Жози рассказала, как она была написана. Однажды художник гулял с друзьями. Неожиданно вечернее небо стало кроваво-красным, казалось, всюду полыхают языки пламени. Мунка охватил ужас. Он тотчас оставил друзей, бросился домой и там сразу же взялся за кисть. Картине вначале дал название «Крик природы».
Петра Ивановича поразили искаженное ужасом лицо, громадный рот, наполненные страхом глаза. Вдруг ощутил в себе необъяснимую тревогу, заполнившую его целиком, без остатка.
А Жози продолжала:
– Считают, что картина эта отражает не крик природы, и не тревогу самого Мунка, а ужас всего человечества. И это похоже на правду. Действительно, на полотне – знамение нашего кровавого века.
В душе у Петра Ивановича поселилось чувство необъяснимой тревоги и ужаса, не за человечество, а за него самого. Наваждение исчезло. Он вдруг словно бы очнулся от сна, и впервые задумался, что ждет их впереди – его, Жози, Жан-Пьера. Эта поездка в Осло, посещение музея, картины Мунка, словно высветили для него их будущее, такое неизвестное, призрачное, хрупкое. Все может оборваться и рухнуть, в один момент.
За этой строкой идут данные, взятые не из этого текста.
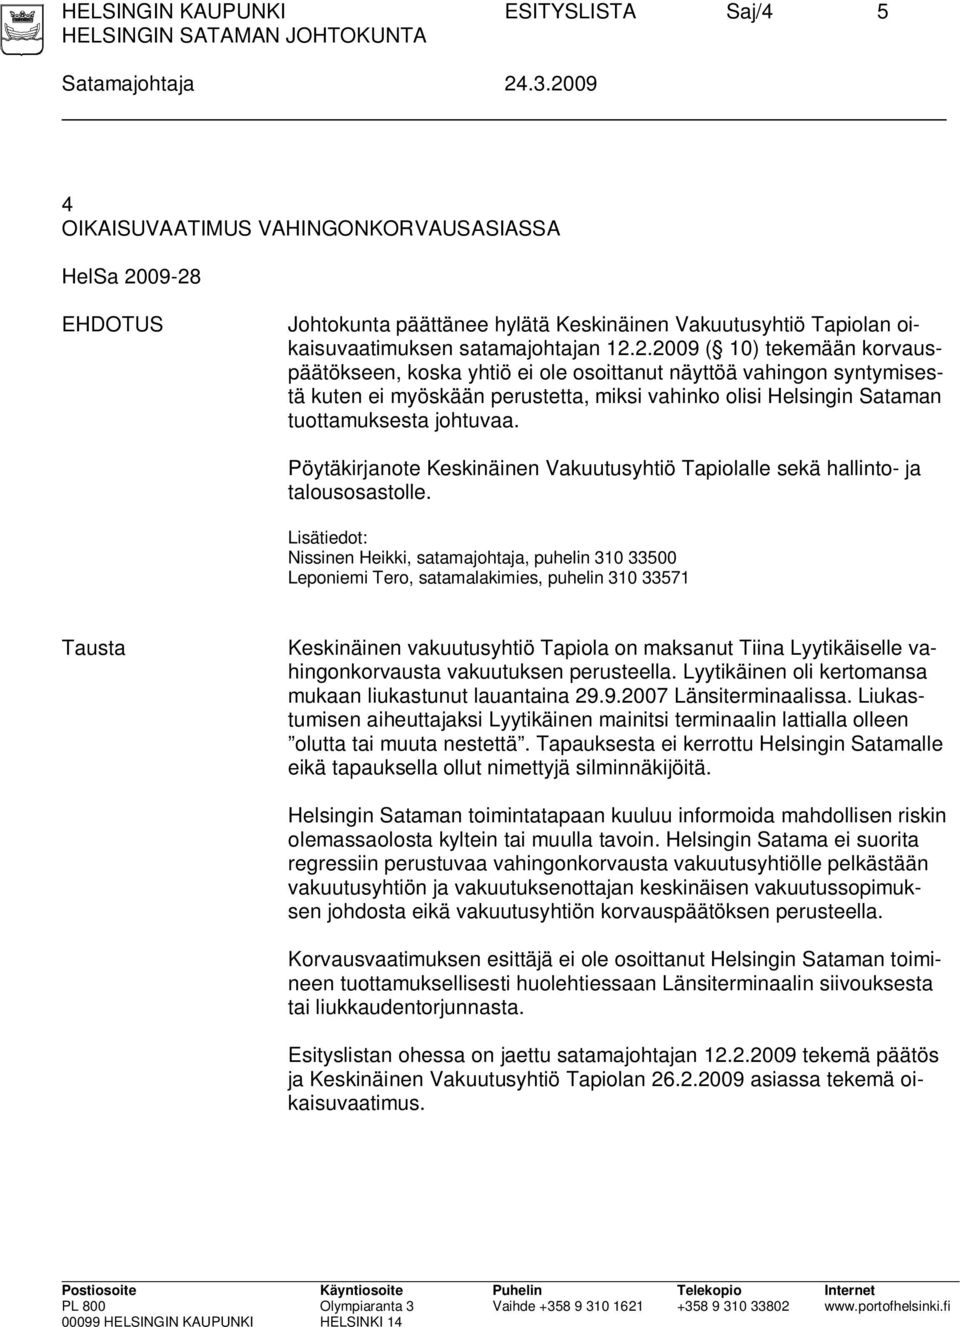 Pöytäkirjanote Keskinäinen Vakuutusyhtiö Tapiolalle sekä hallinto- ja talousosastolle.

Жози почувствовала, какое сильное впечатление произвели на него полотна Мунка, и была довольна, что он разделяет ее интерес к экспрессионизму. А Петра Ивановича не покидали тревожные мысли о будущем. Ведь он стареет. Сможет ли вырастить Жана, защитить от бед и несчастий свою любимую женщину? Что ждет их, если с ним что-то случится? А как Мария Федоровна?
* * *Жан-Пьеру – три года. Эту дату решили отметить приездом Жози в Москву. Он заказал ей гостиничный номер в центре города. Ее любимыми конфетами выложил на покрывале кровати: «Я тебя люблю». Накупил роз. На вечер – билеты в театр.
Петр Иванович, подъезжая к аэропорту Домодедово, находился в радостном предвкушении встречи. Уже знал, что ее самолет благополучно совершил посадку.
И вдруг, выходя из машины, неожиданно столкнулся с оцеплением. Бросилось в глаза, что вокруг много милиции, скорой помощи.
В здание аэропорта никого не пускают. Что—то случилось!..
Тревожно забилось сердце в предчувствии беды. Объяснений никто не дает. Слышатся предположения – одно страшнее другого.
Лишь через полчаса по громкой связи сообщили, что в зале прилета – теракт. Есть погибшие и раненые.
Мобильный телефон Жозефины упорно молчал. Петр Иванович вдруг ощутил острую режущую боль в сердце. Не сдвинуться с места.
Когда чуть отпустило, перезвонил.
Телефон Жози по-прежнему молчит. В голове одна ужасная мысль: «Неужели она? Навсегда???». Перед глазами всплыла картина Мунка, так поразившая его в Норвегии.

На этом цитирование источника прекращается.